__INFORMATION PROVIDED__:
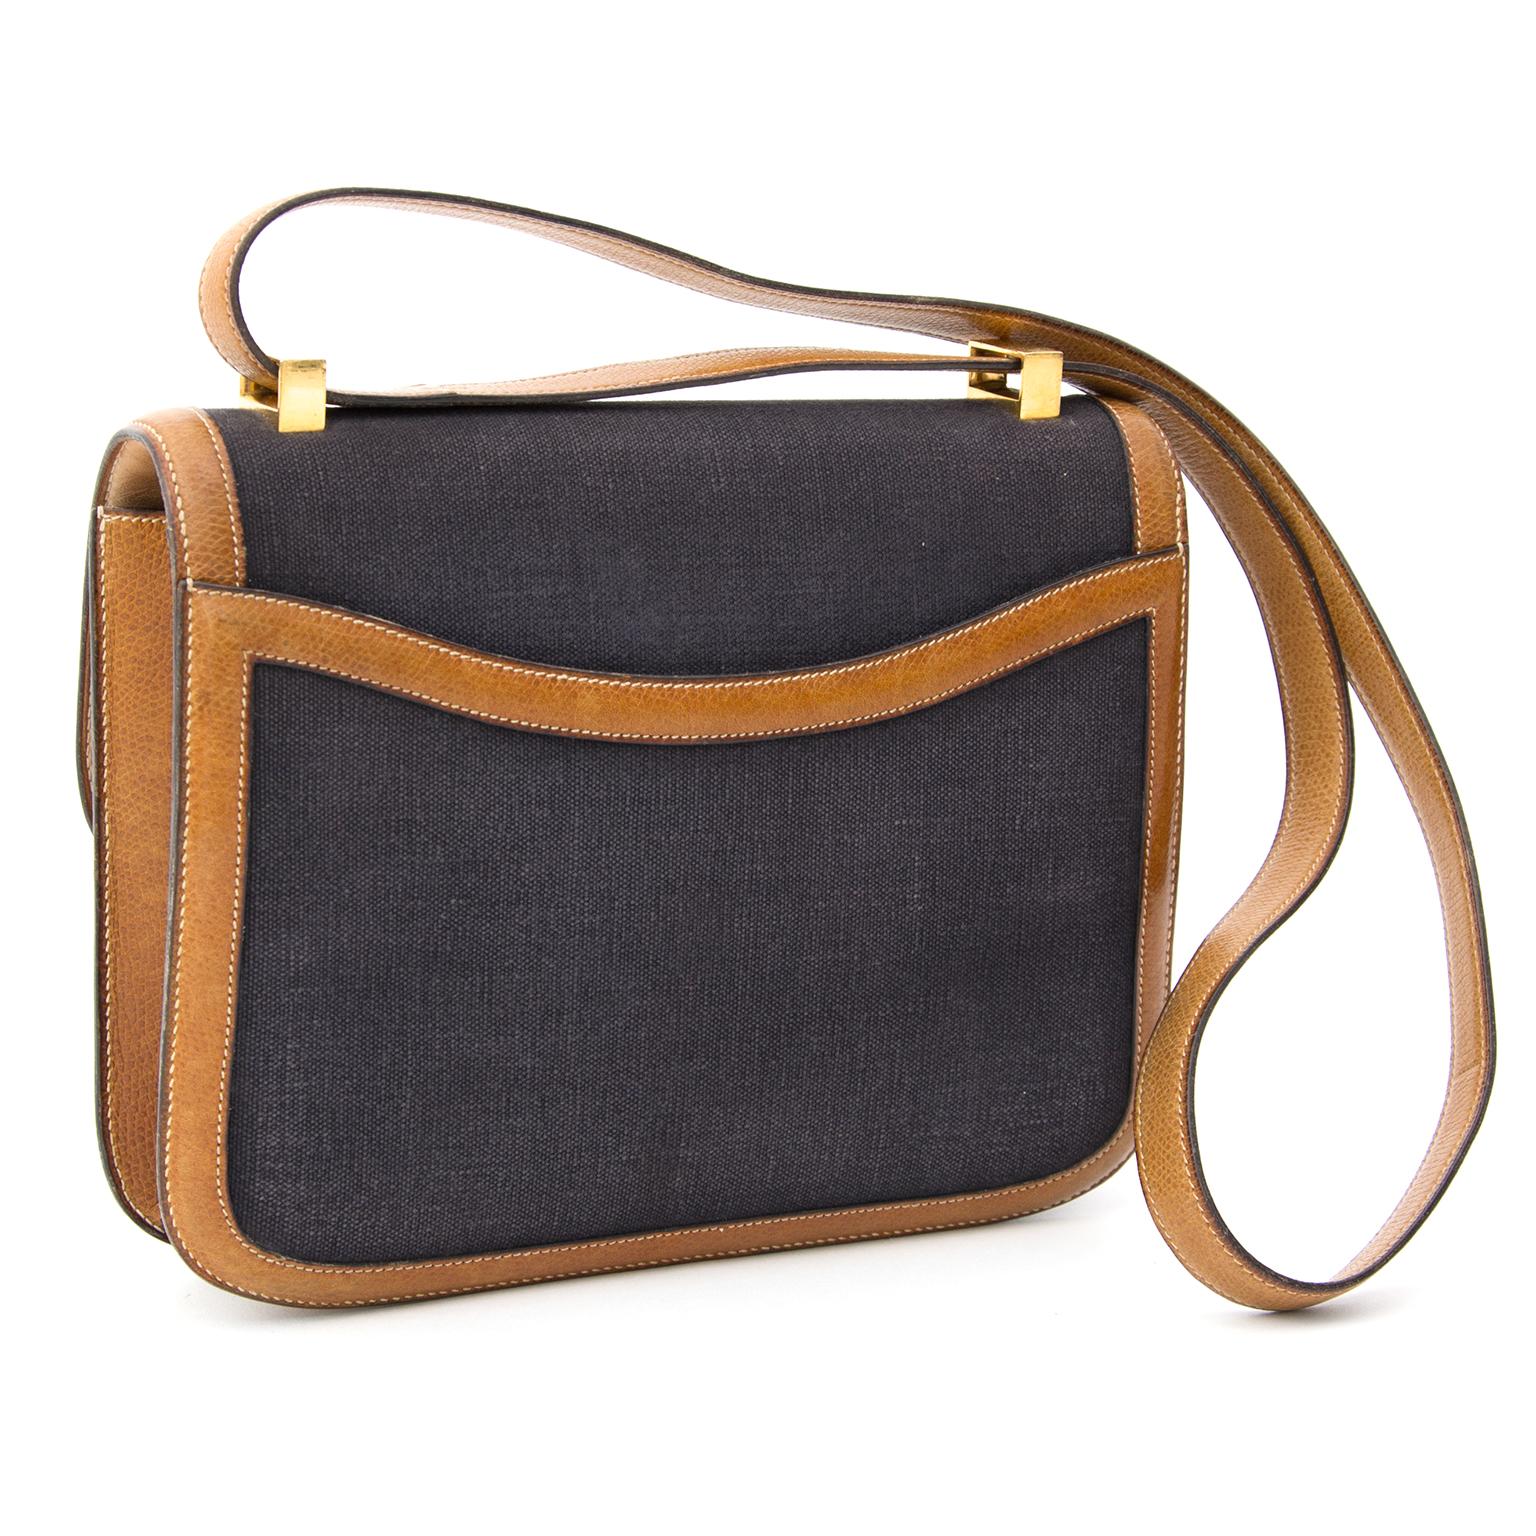 1d52bcbf7f7 ... koop veilig online tweedehands Hermes Constance Leather Canvas aan de  beste prijs
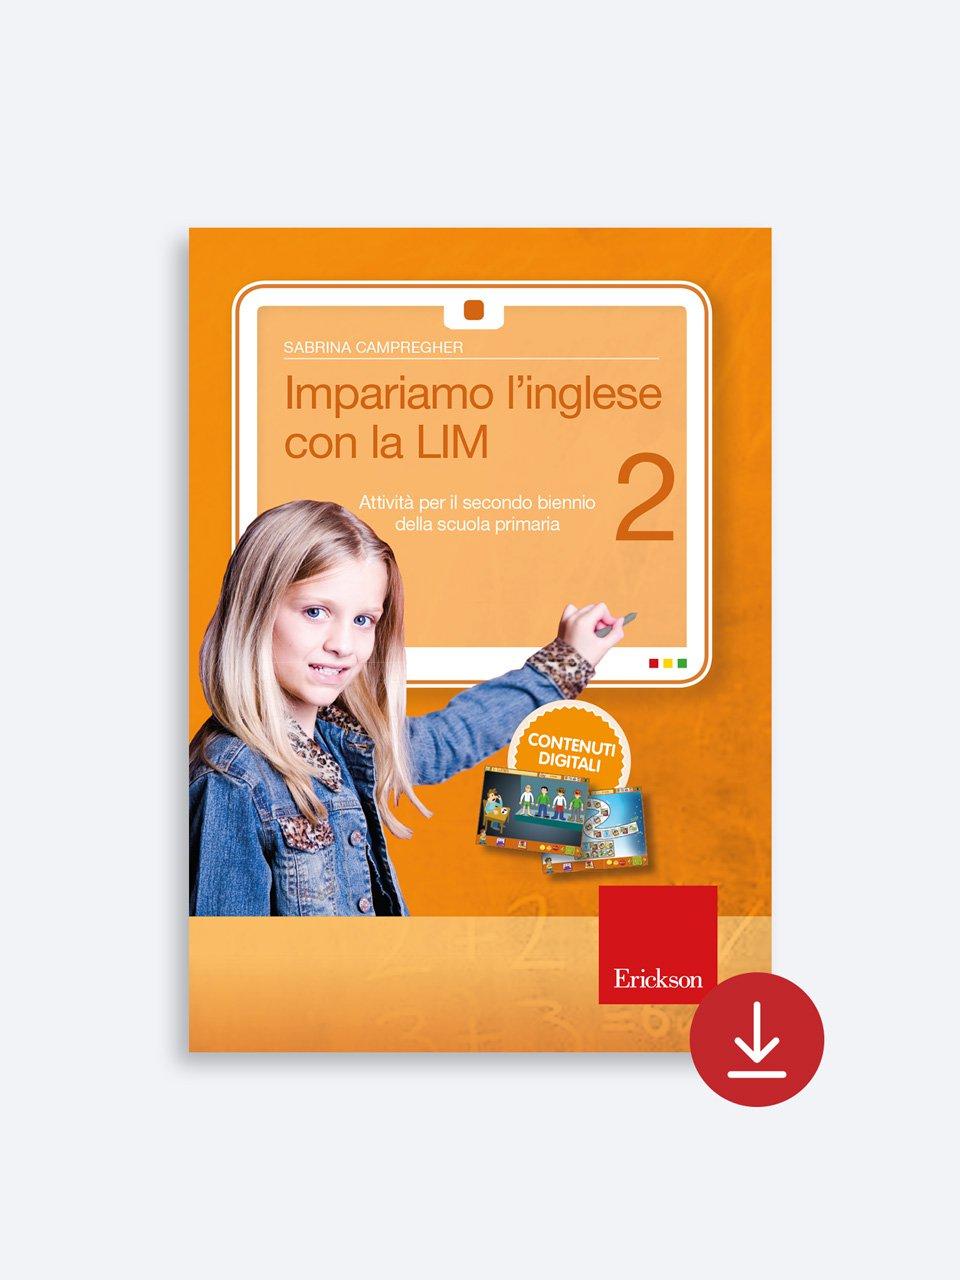 Impariamo l'inglese con la LIM 2 - Schede per Tablotto (Età 8+) - Play and Learn with - Giochi - Erickson 2
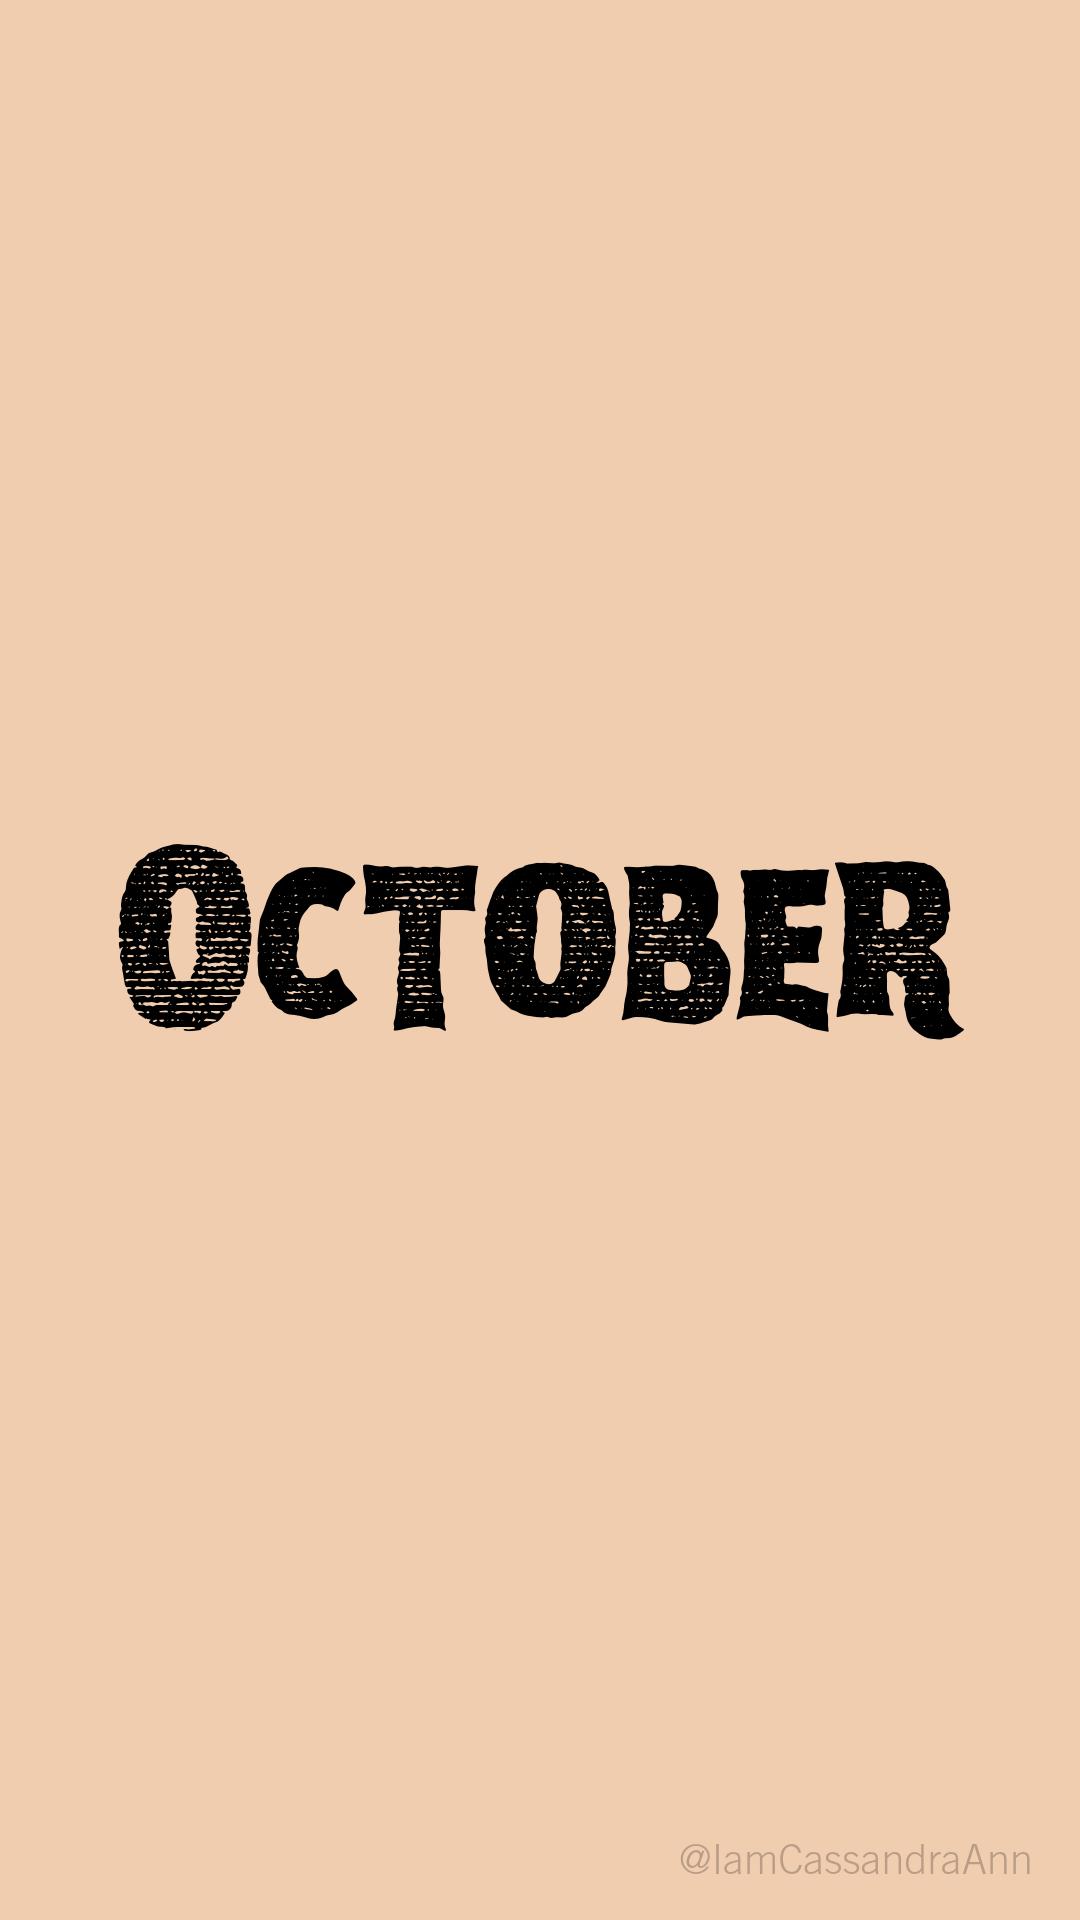 470+Fall October Wallpaper

__WHAT IS EXPECTED__: All of the listing above has to be reproduced exactly, though without its images.

__FINISHED EXERCISE__:
 1d52bcbf7f7 ... koop veilig online tweedehands Hermes Constance Leather Canvas aan de  beste prijs
 Impariamo l'inglese con la LIM 2 - Schede per Tablotto (Età 8+) - Play and Learn with - Giochi - Erickson 2
 470+Fall October Wallpaper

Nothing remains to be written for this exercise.